Vince opined:
<<It [the Republican Party] was founded to assert federal soverignity over
the states and to free the slaves.>>
I agree with the gist of your chronology, Vince, but this statement calls for
elaboration. The Republican party was formed, primarily, to oppose *the
expansion of slavery* into the new Western Territories under the
Kansas-Nebraska Act of 1854. The act provided that the question of slavery
in the proposed territories of Kansas and Nebraska would be left to the
residents of each territory. This enraged many because it repealed the
Compromise of 1820, which banned slavery in that area.

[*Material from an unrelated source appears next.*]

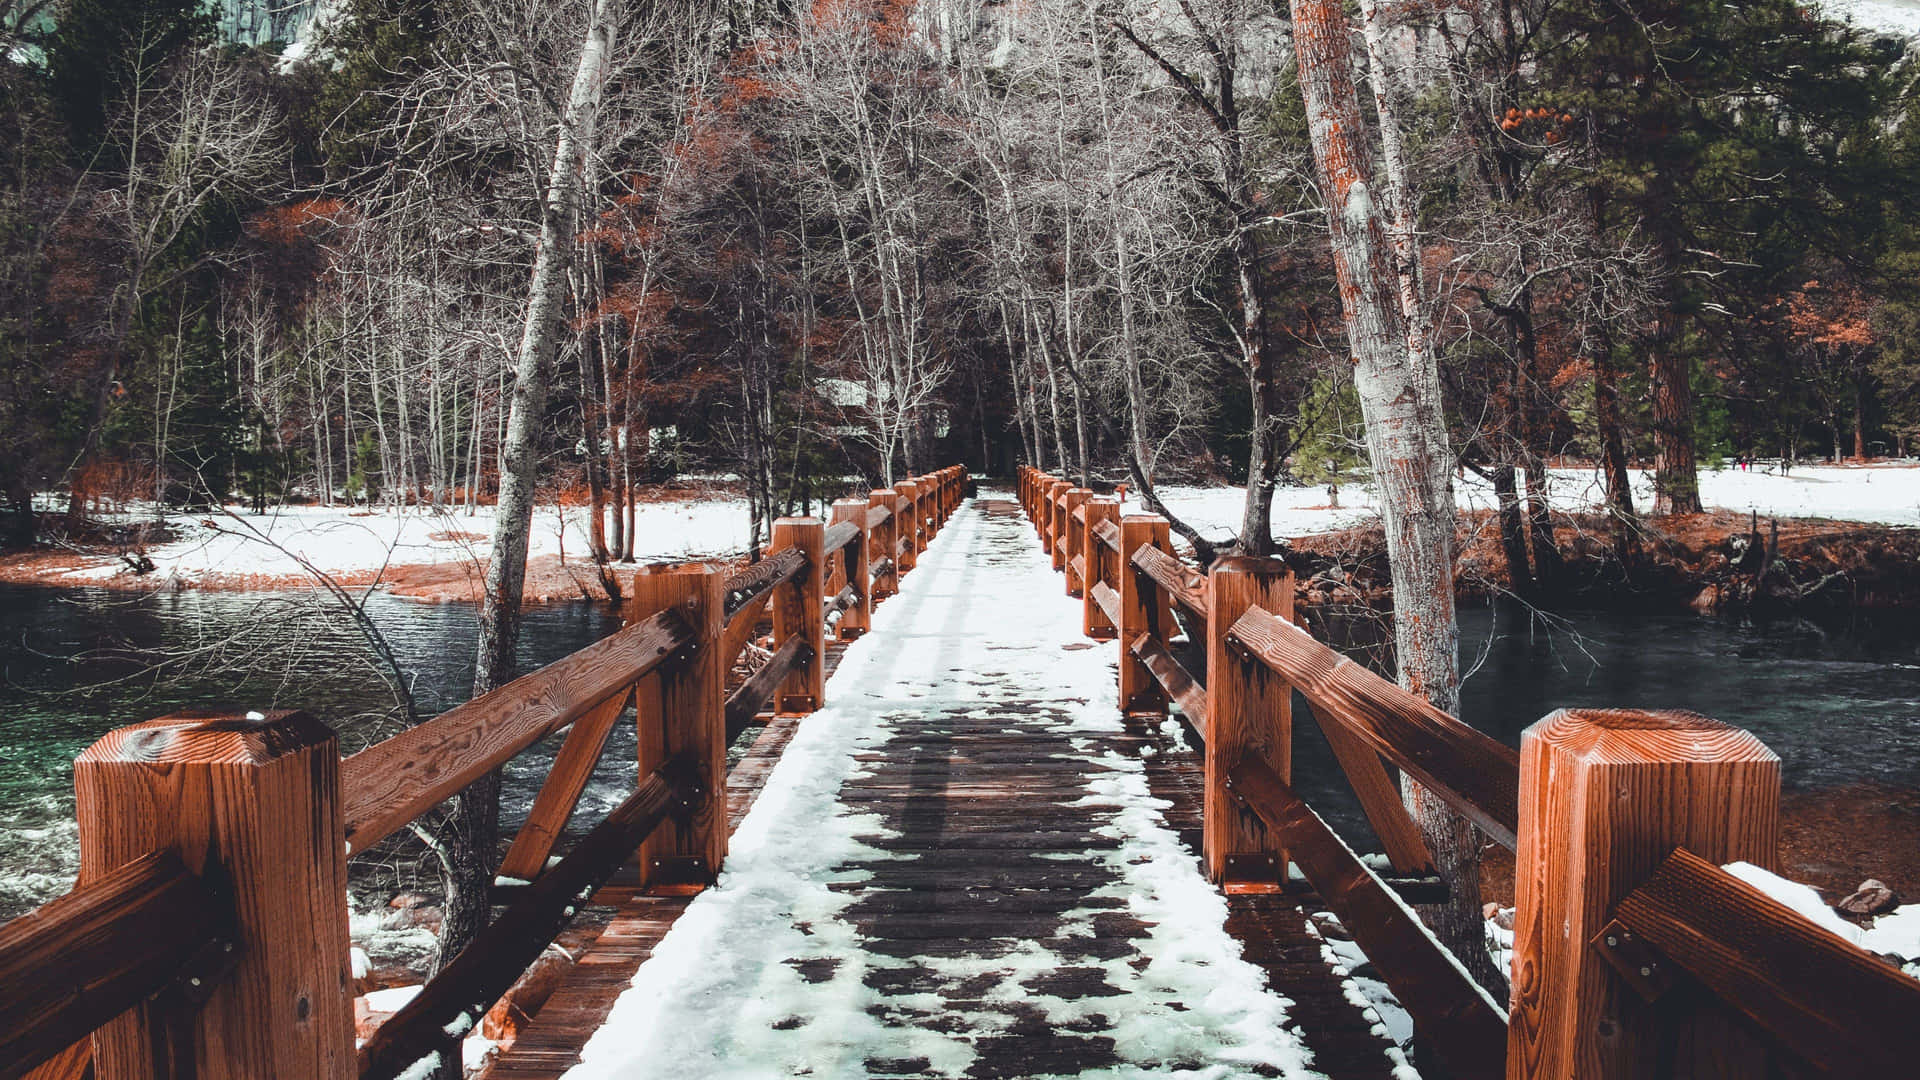 Increíblepuente De Madera En El Invierno De New Hampshire. Fondo de pantalla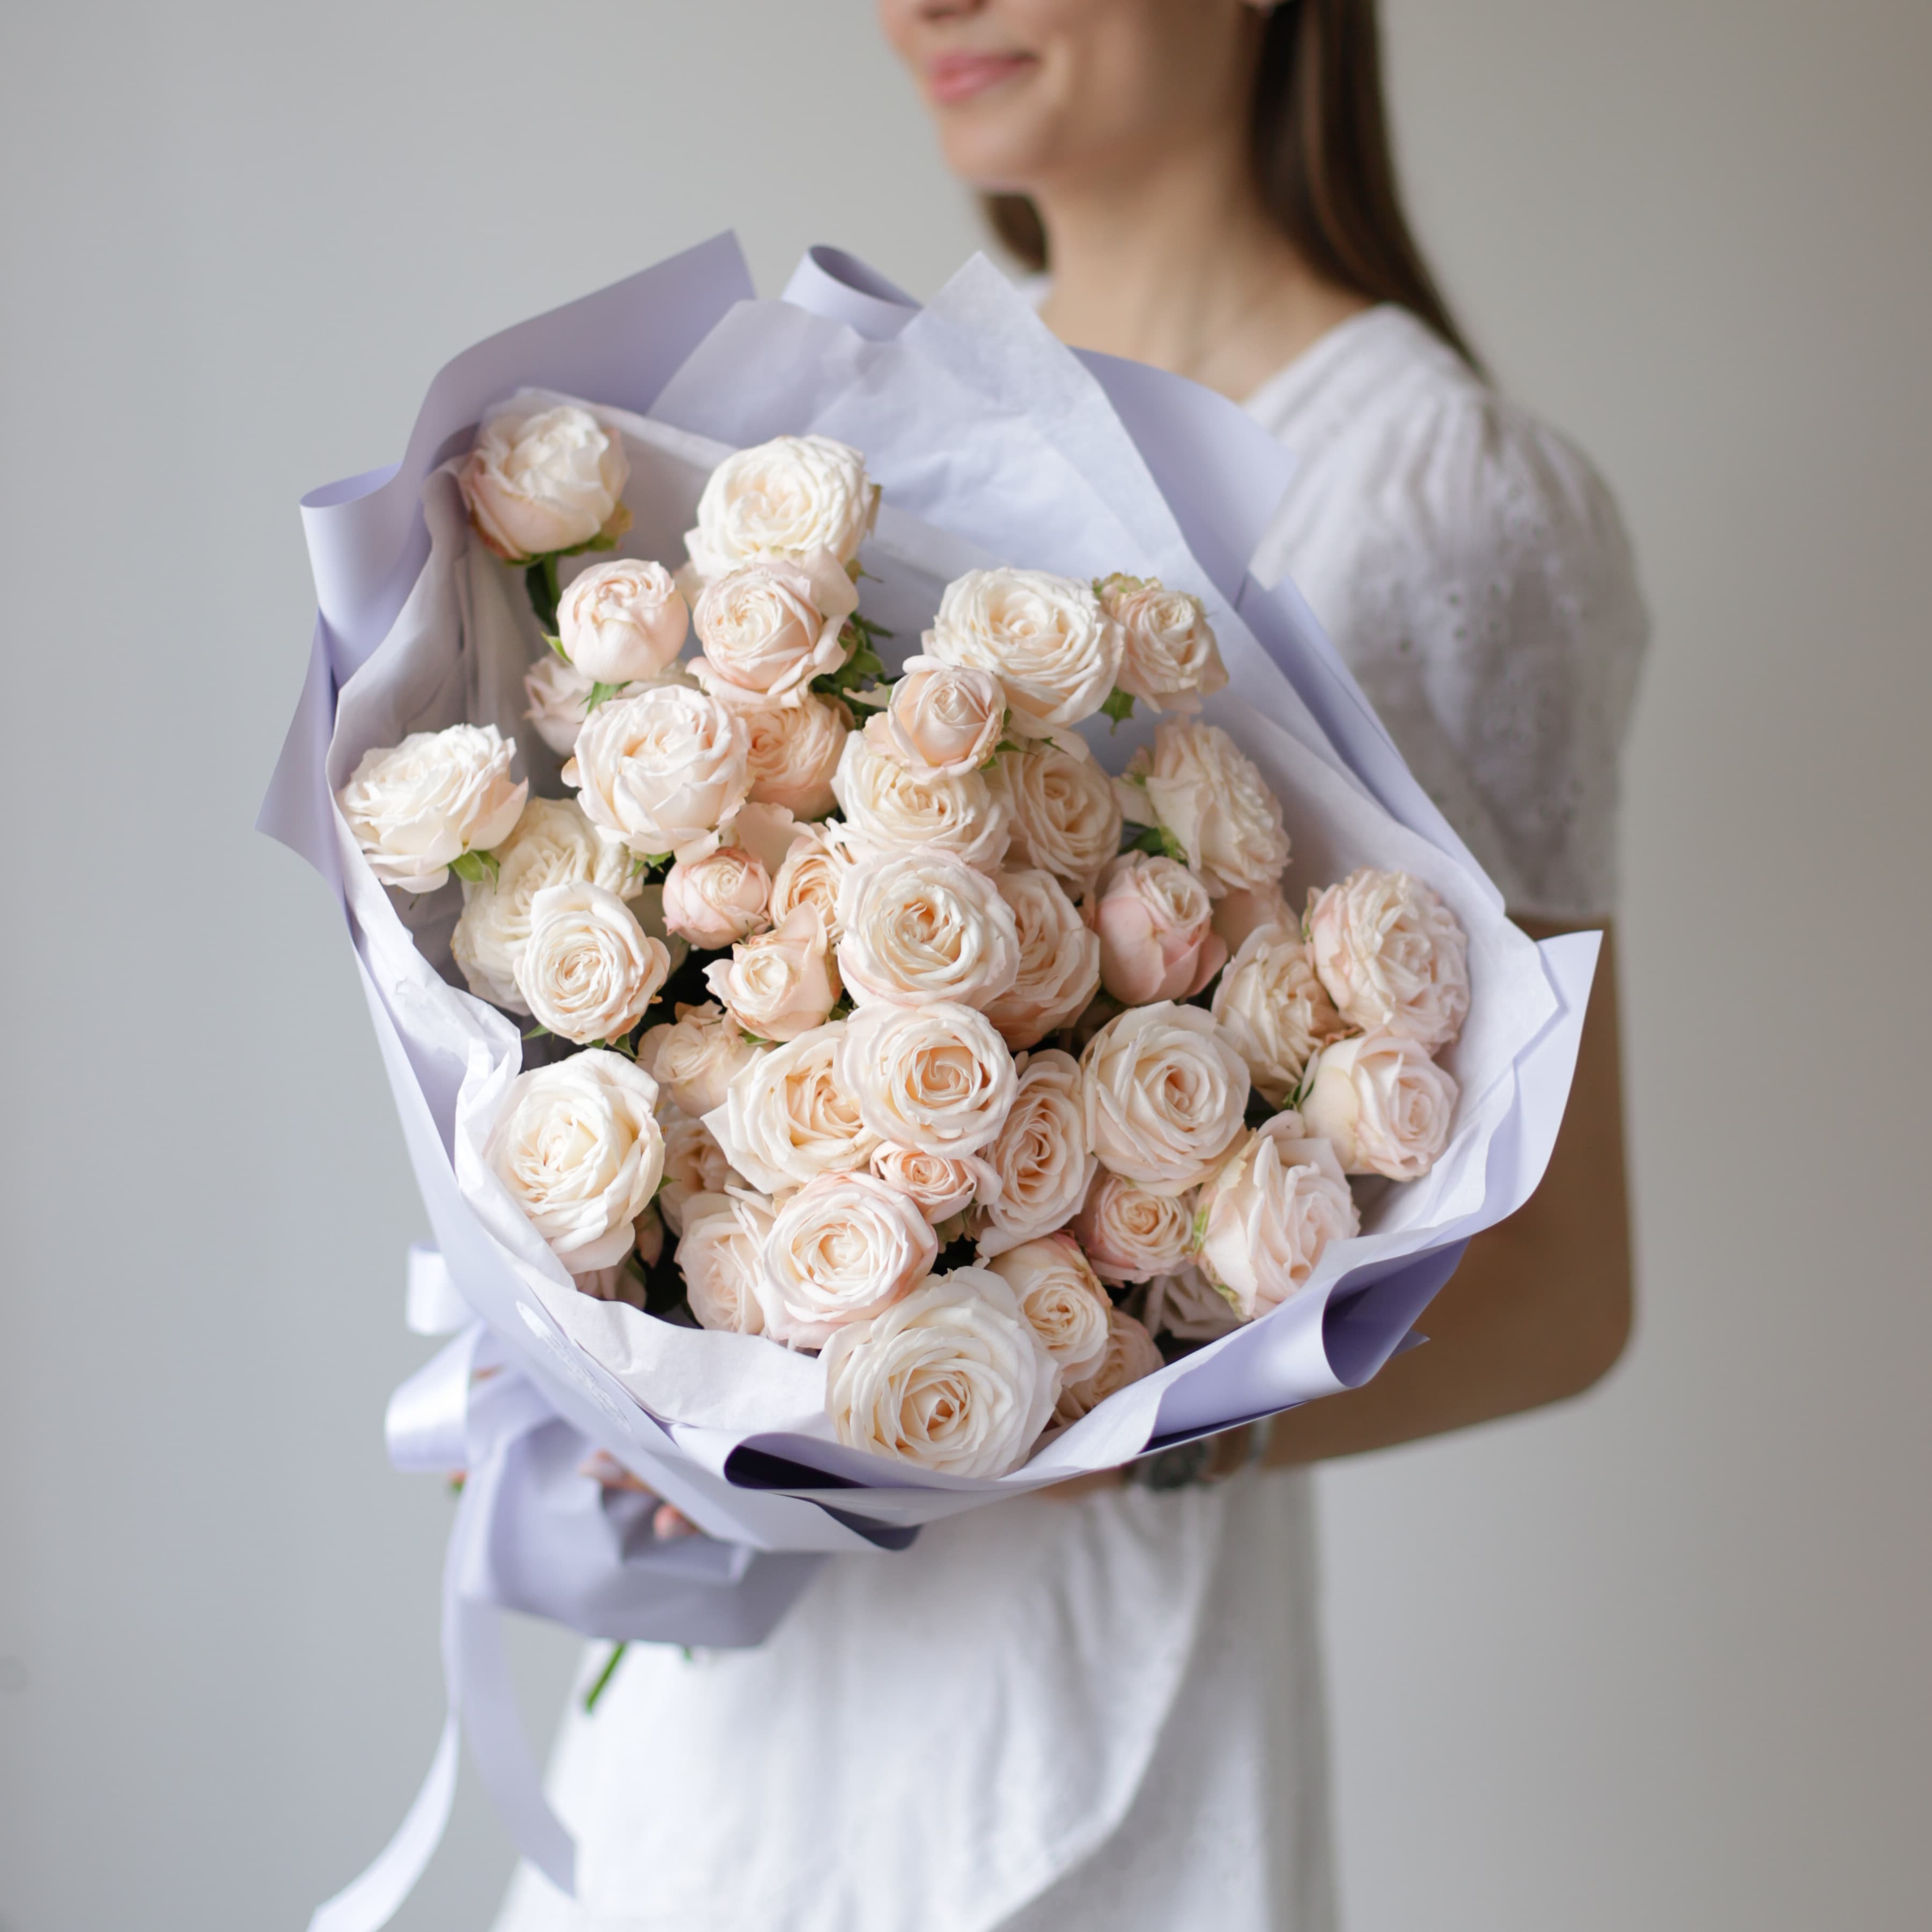 Кустовые пионовидные розы кремового оттенка в лавандовом оформлении №1494 - Фото 2

The Republican Party was organized as an answer to the divided politics,
political turmoil, arguments and internal division, particularly over the
Kansas-Nebraska Act and slavery, that plagued the many existing political
parties in the United States in 1854. The new party's platform was opposed to
the expansion of slavery in the Territories under the act, to be sure, but
did not endeavor to "free the slaves."
I split hairs on the distinction because opposition to the Kansas-Nebraska
act, the primary impetus for the formation of the Republican party, was not
based solely on the abolitionist cause. For instance, staunchly democratic
Southern Illinois was angered at the act because residents feared that
opening Kansas to slaveholders would prevent the settlement of small farmers
like themselves. Violently negrophobic, voters in this section wanted
nothing to do with abolitionism. Others who would become Republicans were
hostile to Kansas-Nebraska, but had no desire to see that opposition
translated into the general anti-slavery movement.
The Free Soil Party, asserting that all had a natural right to the soil,
demanded that the government re-evaluate homesteading legislation and grant
land to settlers free of charge. The Conscience Whigs, the "radical" faction
of the Whig Party in the North, alienated themselves from their Southern
counterparts by adopting an anti-slavery expansion position. All these
groups, which had been marching under different banners, became Republicans.